President of the Republic of South Africa and Anor. v. Modderklip Boerdery (Pty) Ltd 40 2005 (5) SA 3 (CC)

Constitutional review of failure of State to provide remedy to private landowner and alternative housing for landless under the Prevention of Illegal Eviction from and Unlawful Occupation of Land Act 19 of 1998 (PIE).   Whether right to protection from arbitrary deprivation of property and uncompensated expropriation of property breached when State remains passive in face of massive invasion of respondent's farm.   Right to housing and right to alternative accommodation under article 26 of the Constitution.  Rule of law and right to effective remedy under s 1(c) of Constitution.

Date of the Ruling: 
May 13 2005
Constitutional Court of South Africa
Type of Forum: 

400 people who had been evicted from adjacent municipal land settled on the private Modderklip farm in 2000. In April 2001 an eviction order was issued, but the occupiers had no place to go and failed to comply.  The numbers of occupiers continued to increase and the sheriff demanded a deposit of 1.8 million rand – more than the land was worth to carry out the eviction.   
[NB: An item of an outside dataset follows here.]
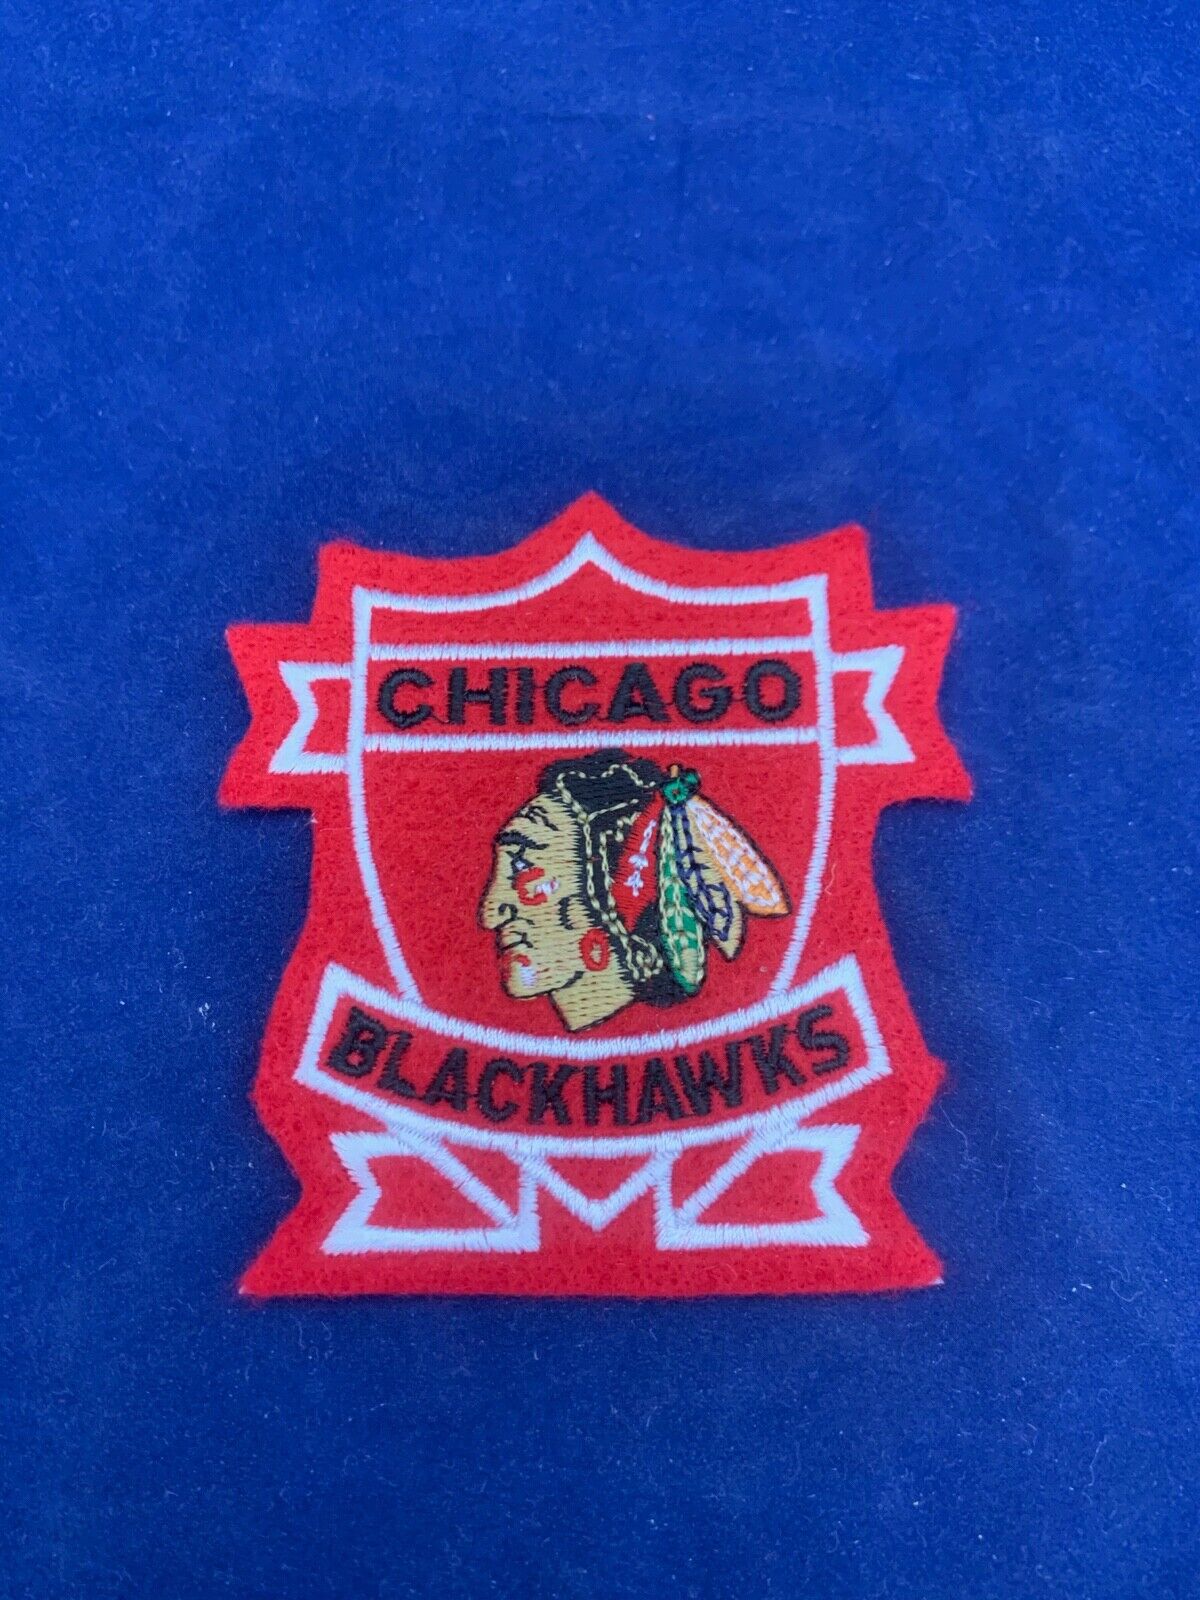 Chicago Blackhawks NHL Hockey Patch Size 3 x 3.5 inches

The owner tried unsuccessfully to get help from the national government.  He applied to the High Court in Pretoria arguing that it was the state's obligation to protect both his property rights under s 25 of the Constitution as well as the right to housing of the occupiers under s. 26.  The High Court found that both of these rights were violated and ordered the state to devise a comprehensive plan. On appeal to Supreme Court of Appeal, the Court agreed that both rights had been infringed and ordered the state to pay compensation, while allowing the occupiers to remain on the land until alternative land was made available On appeal, the Constitutional Court held that it was not necessary to resolve the case on the basis of property rights in relation to housing rights.  Instead, the Court found that the State's failure to take reasonable steps to assist the landowner and, at the same time, to avoid  the eviction of a large community with nowhere to go, was a violation of the principle of the rule of law in Sect. 1(c) as well as the right of access to effective remedies in Sect. 34 of the Constitution.  The Court found that the appropriate remedy in the circumstances was to require the State to compensate the landowner for the unlawful occupation of his property. 

Keywords: President of the Republic of South Africa and Anor. v. Modderklip Boerdery (Pty) Ltd 40 2005 (5) SA 3, Housing, Right

Enforcement of the Decision and Outcomes: 

The Court declared that the approximately 40,000 residents are entitled to occupy the land until alternative land has been made available.  The Department of Housing began working on developing alternative land. Negotiations were held to agree on the compensation for the land occupation as instructed by the Court. R866 842, 50 was paid to as arrear rental for the period June 2000 to May 2005 and R13 607, 50 was paid for monthly rental

Groups involved in the case: 

Nkuzi Development Association
Community Law Centre, University of the Western Cape
Programme For Land And Agrarian Studies, University of the Western Cape
Agri SA

Significance of the Case: 

This case represents a significant advance in assessing the positive duties on states to ensure that social problems leading to disputes between private actors are resolved in a manner that respects esc rights.  Where there is only one party, the state, which has the key to the solution to problems, then the rule of law imposes obligations on the state to assume that role.  The decision recognizes that courts must address the realities of injustice and poverty rather than dealing with rights such as the right to property in the abstract.